— Товарищ Дворкин, скажу тебе как товарищу коммунисту, что тебя специально посадили со мной, чтобы я убедил тебя признаться, а также информировать следователей обо всем, что ты будешь со мной говорить. Спустя 18 лет после освобождения из заключения, будучи в Москве, я узнал, что из Алма-Аты Спирова перевели в Свердловск, где он проходил и по делу секретаря Свердловского обкома партии тов. Кабакова и был расстрелян.

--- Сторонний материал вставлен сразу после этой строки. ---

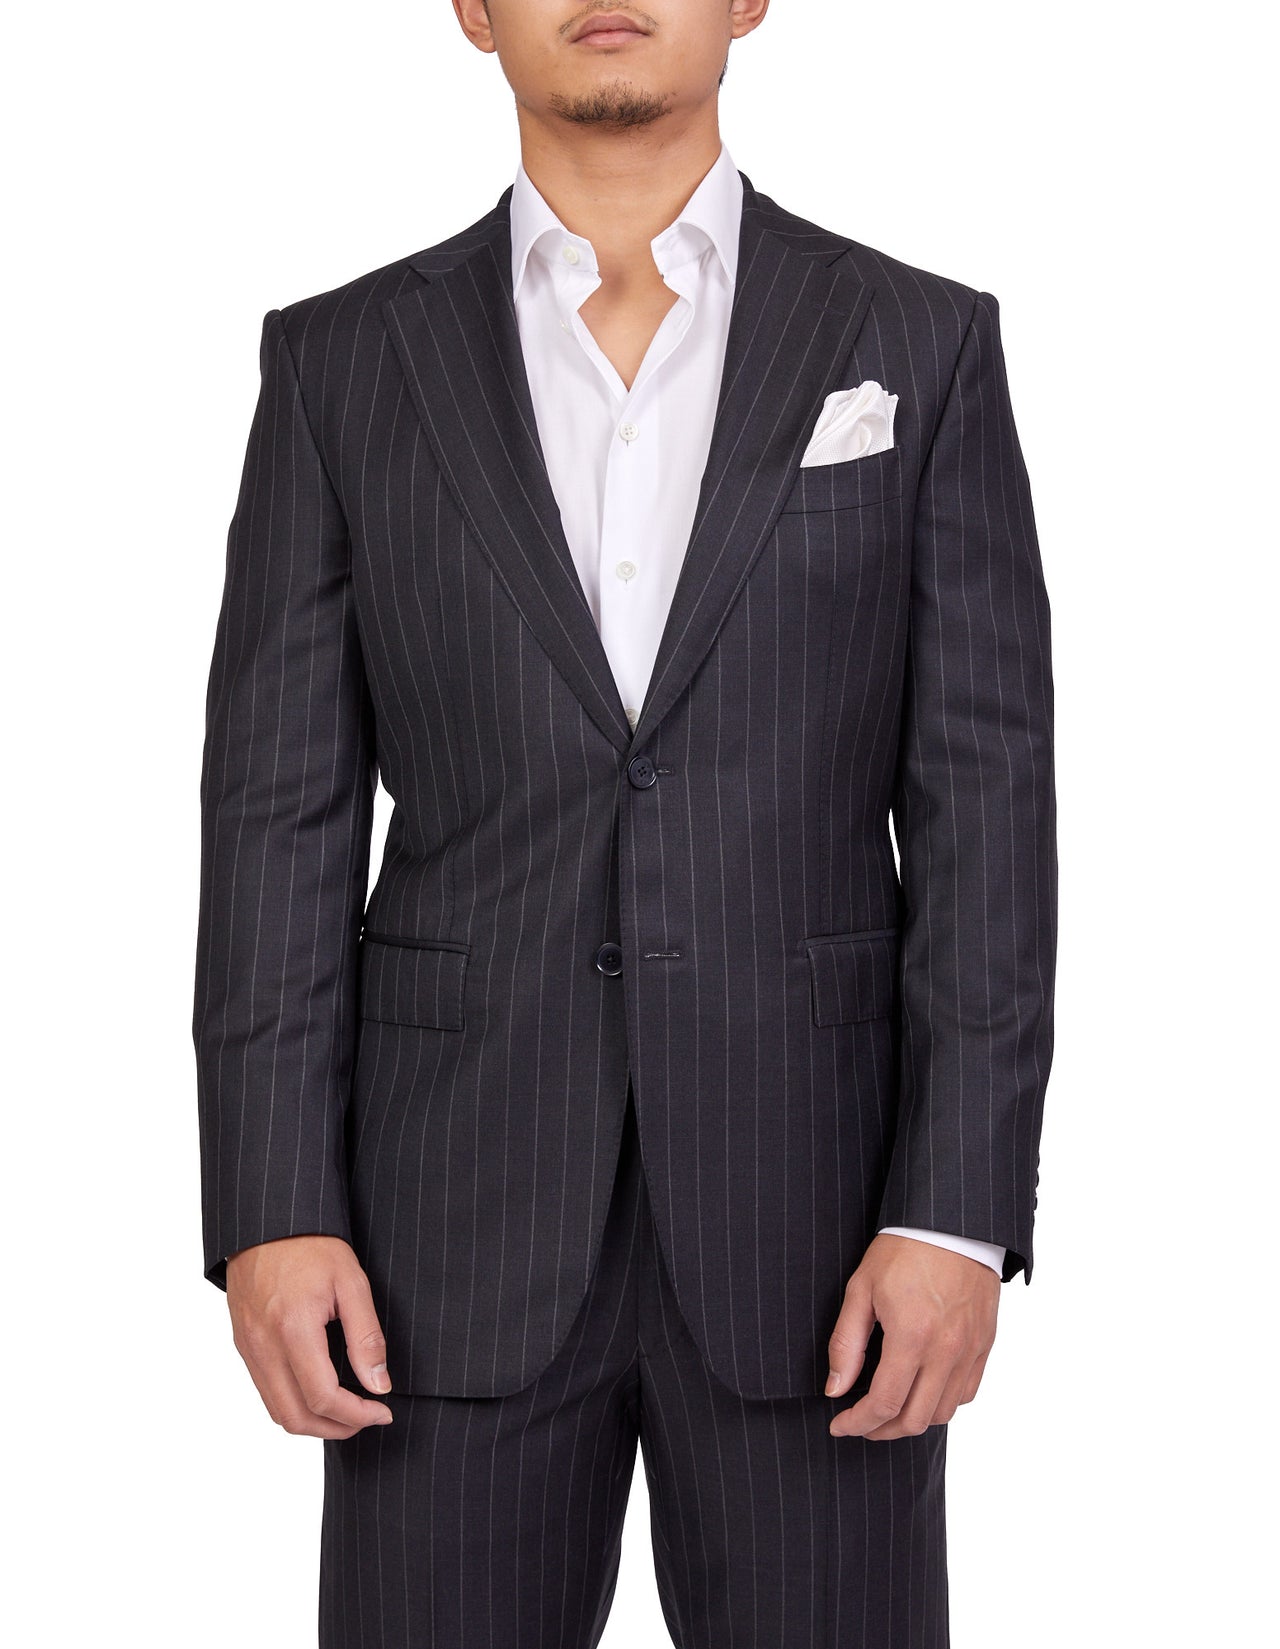 HENRY SARTORIAL Dun Full Canvas R-Stripe Suit CHARCOAL LG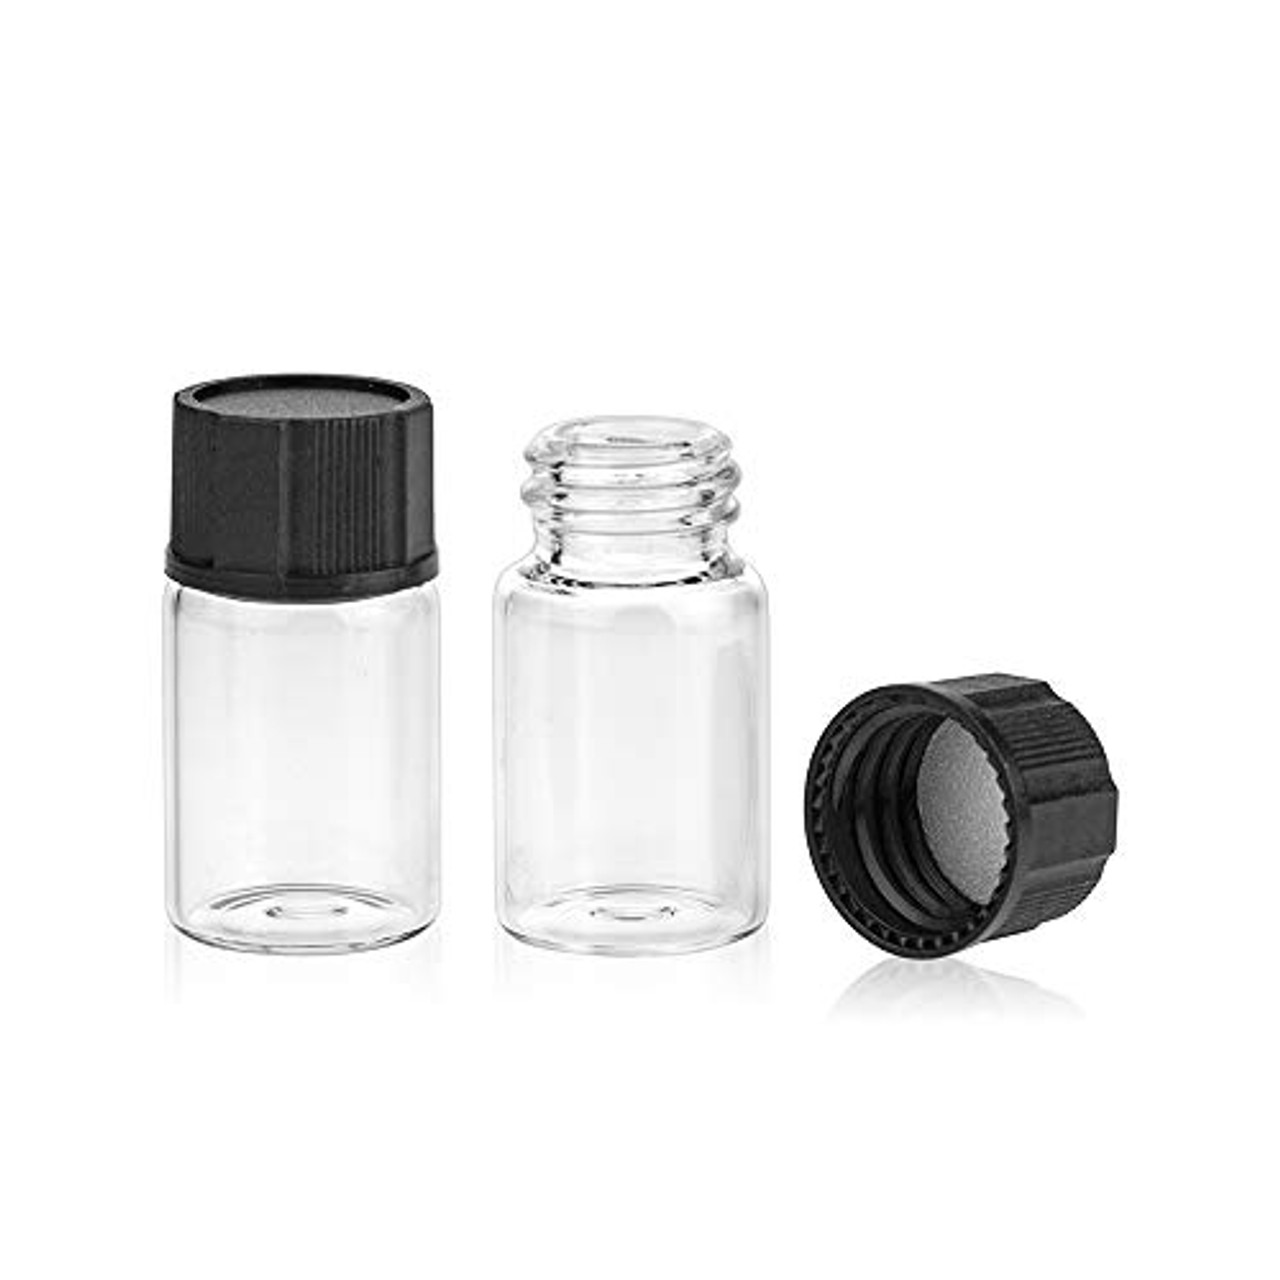 ESHATO 100 Pieces Glass Sample Vial, Liquid Sampling Small Glass Bottle  with Black Plastic Screw Caps, Leakproof, Light Weight and Corrosion  Resistance (20ML, Clear)

Почти около месяца меня на допросы не вызывали. В начале октября 1938 года я попал на допрос к сержанту, фамилию которого не помню. Но я знал его, так как за неделю до моего ареста он бесцеремонно вошел в мою квартиру и заявил, что займет одну комнату. Так вот этот сержант потребовал от меня, чтобы я дал показание для доклада на ЦК КПБ Казахстана о том, что признаю правильность своего исключения из партии первичной парторганизацией. Я ответил, что свое исключение из партии считаю неправильным, так как оно было продиктовано вновь прибывшим наркомвнуделом Казахстана Реденсом и не имеет под собой никаких оснований. Реденс был свояком Сталина — мужем сестры Алилуевой. Реденс, сделав свое черное дело, в 1939 году был арестован, доставлен в Москву и расстрелян. Следователь записал в протокол мое показание. Протокол я подписал. В мае 1939 года, уже в Москве, знакомясь с материалами после окончания следствия, я обнаружил, что слово «не» в этом протоколе было стерто, осталось слово «правильно». Это значило, что я будто признал свое исключение правильным. Вот так фальсифицировались материалы и обманывались высшие партийные органы.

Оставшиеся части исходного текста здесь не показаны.